- **TASK PROMPT**
Print this span of the material below exactly: the line with "Hybrid car clipart", the line with "RingGold Purple Acetate", and every line between them, but nothing else.

- **SOURCE MATERIAL**
================

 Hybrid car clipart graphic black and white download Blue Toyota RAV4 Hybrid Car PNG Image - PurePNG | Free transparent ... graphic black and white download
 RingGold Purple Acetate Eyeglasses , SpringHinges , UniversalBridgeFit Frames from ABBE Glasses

================

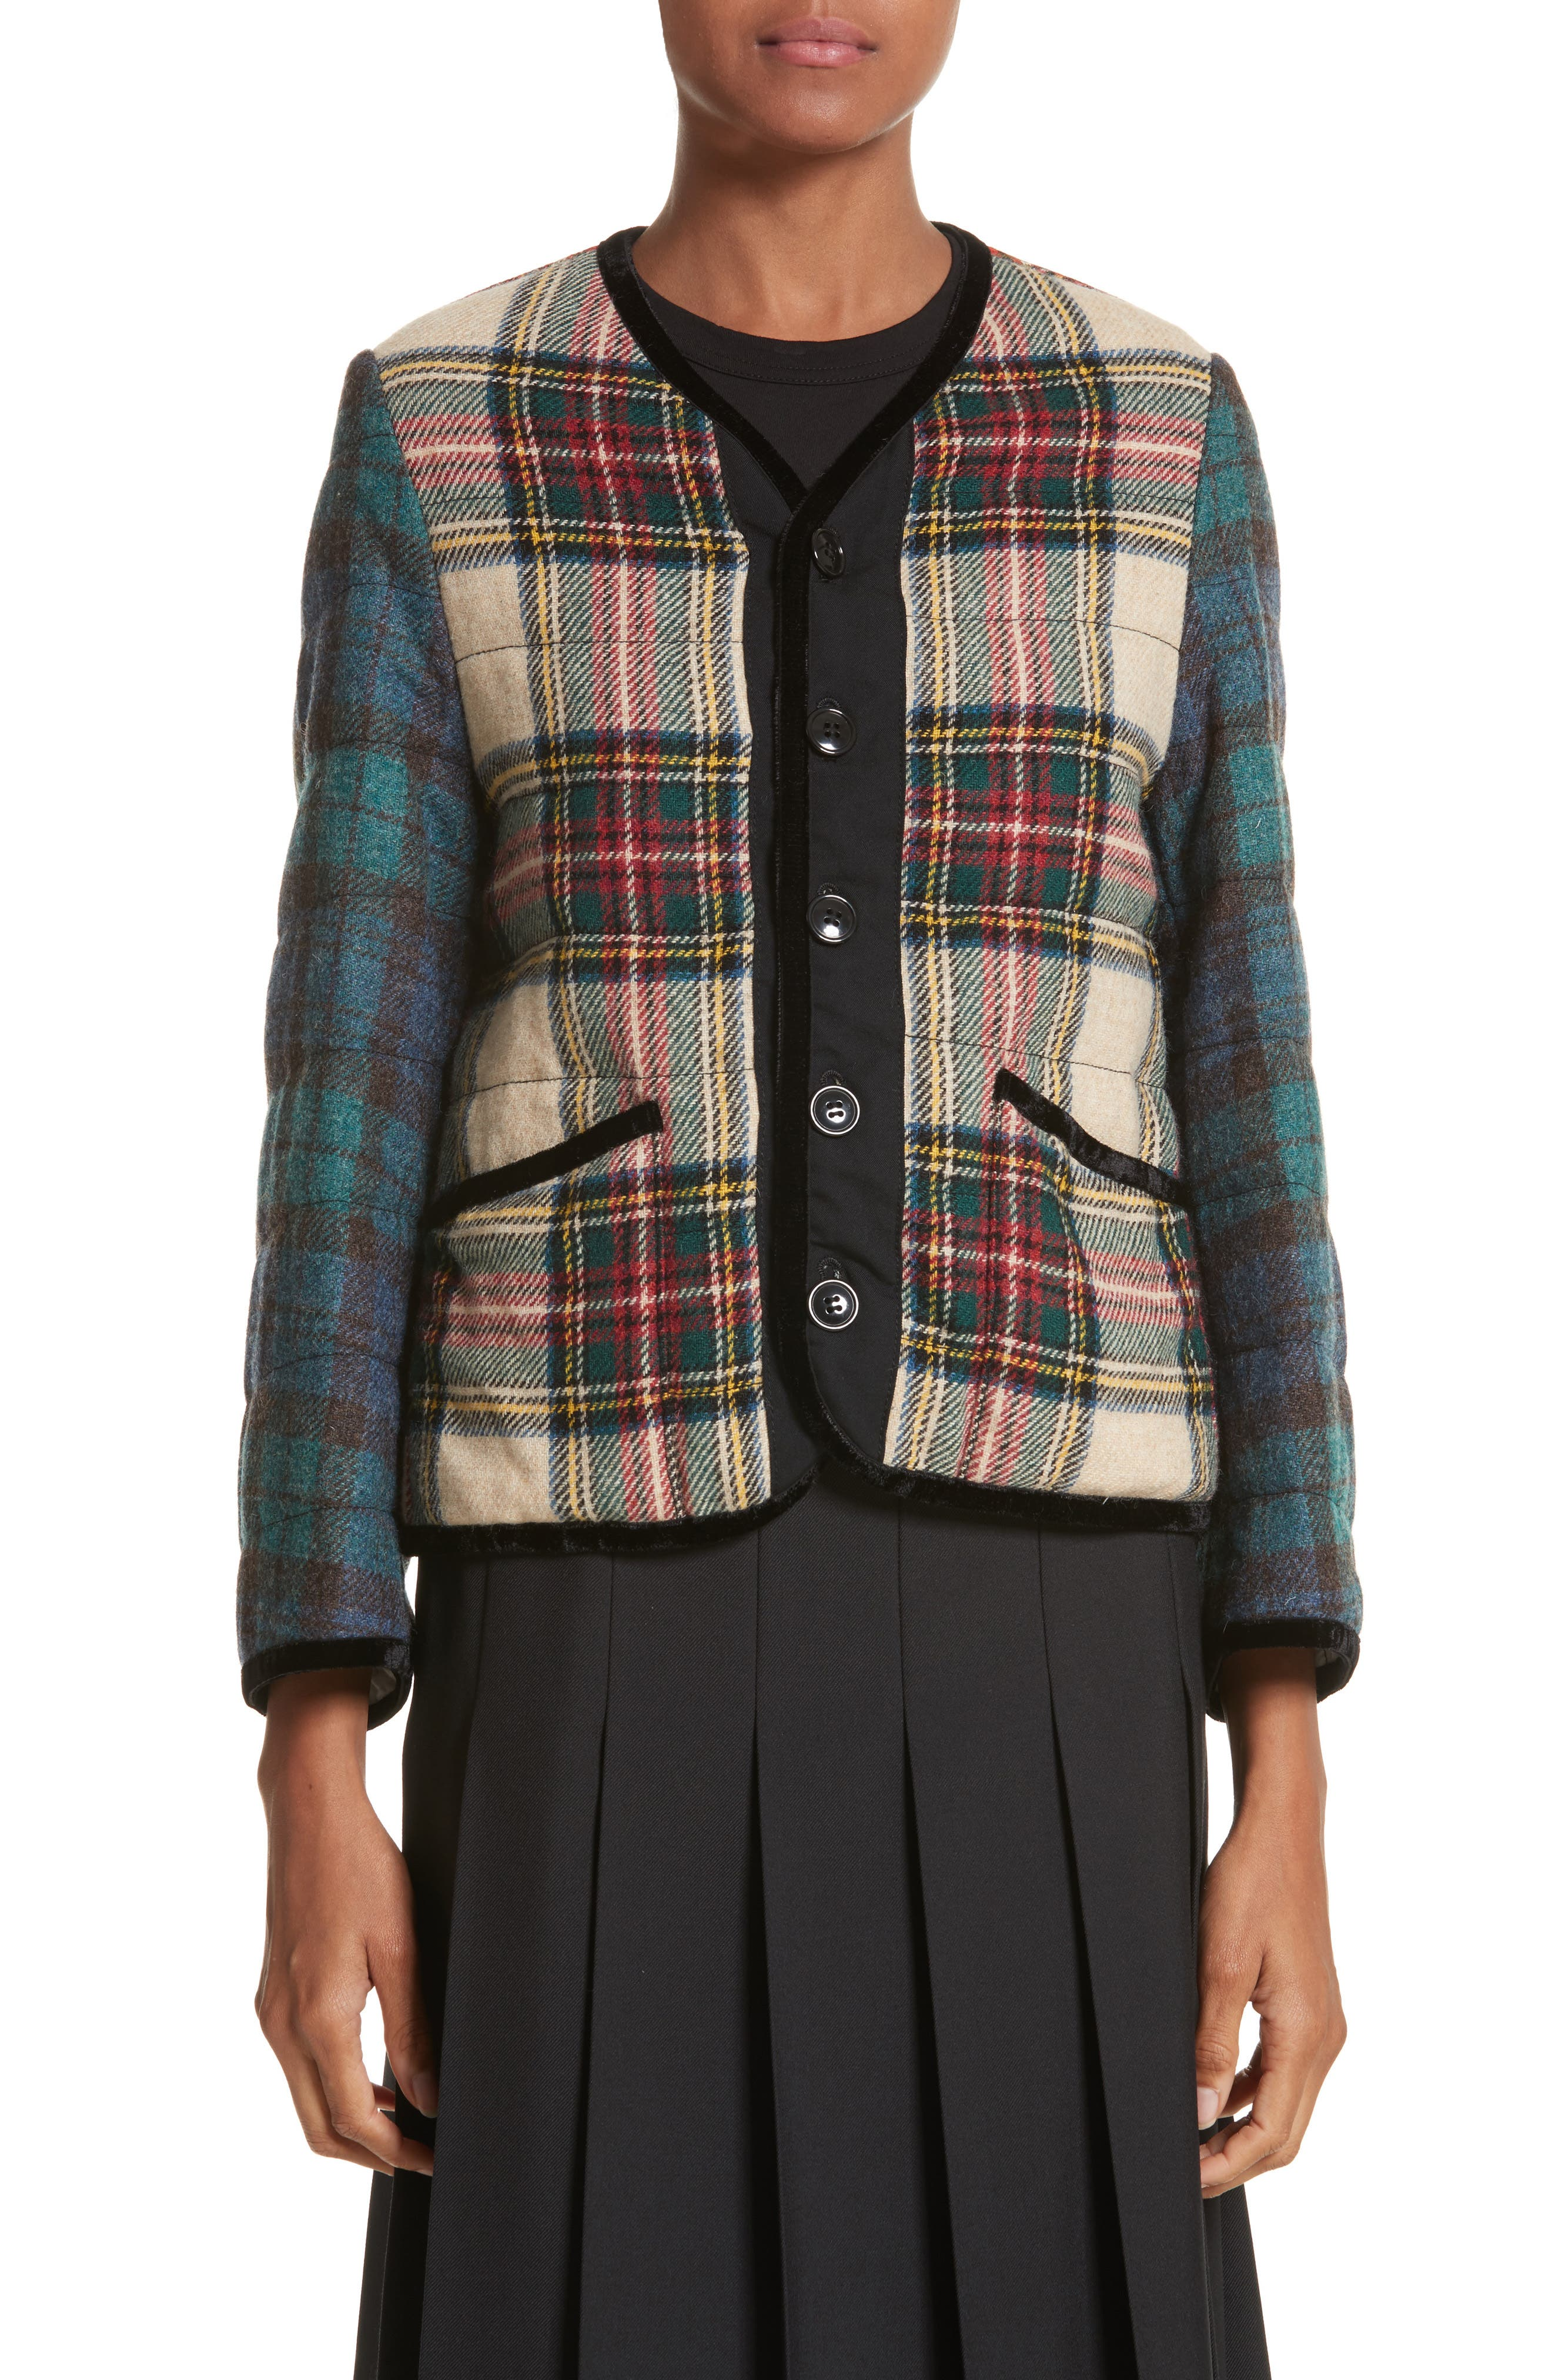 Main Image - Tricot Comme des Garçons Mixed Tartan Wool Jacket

================

- **PROBLEM SOLUTION**
 Hybrid car clipart graphic black and white download Blue Toyota RAV4 Hybrid Car PNG Image - PurePNG | Free transparent ... graphic black and white download
 RingGold Purple Acetate Eyeglasses , SpringHinges , UniversalBridgeFit Frames from ABBE Glasses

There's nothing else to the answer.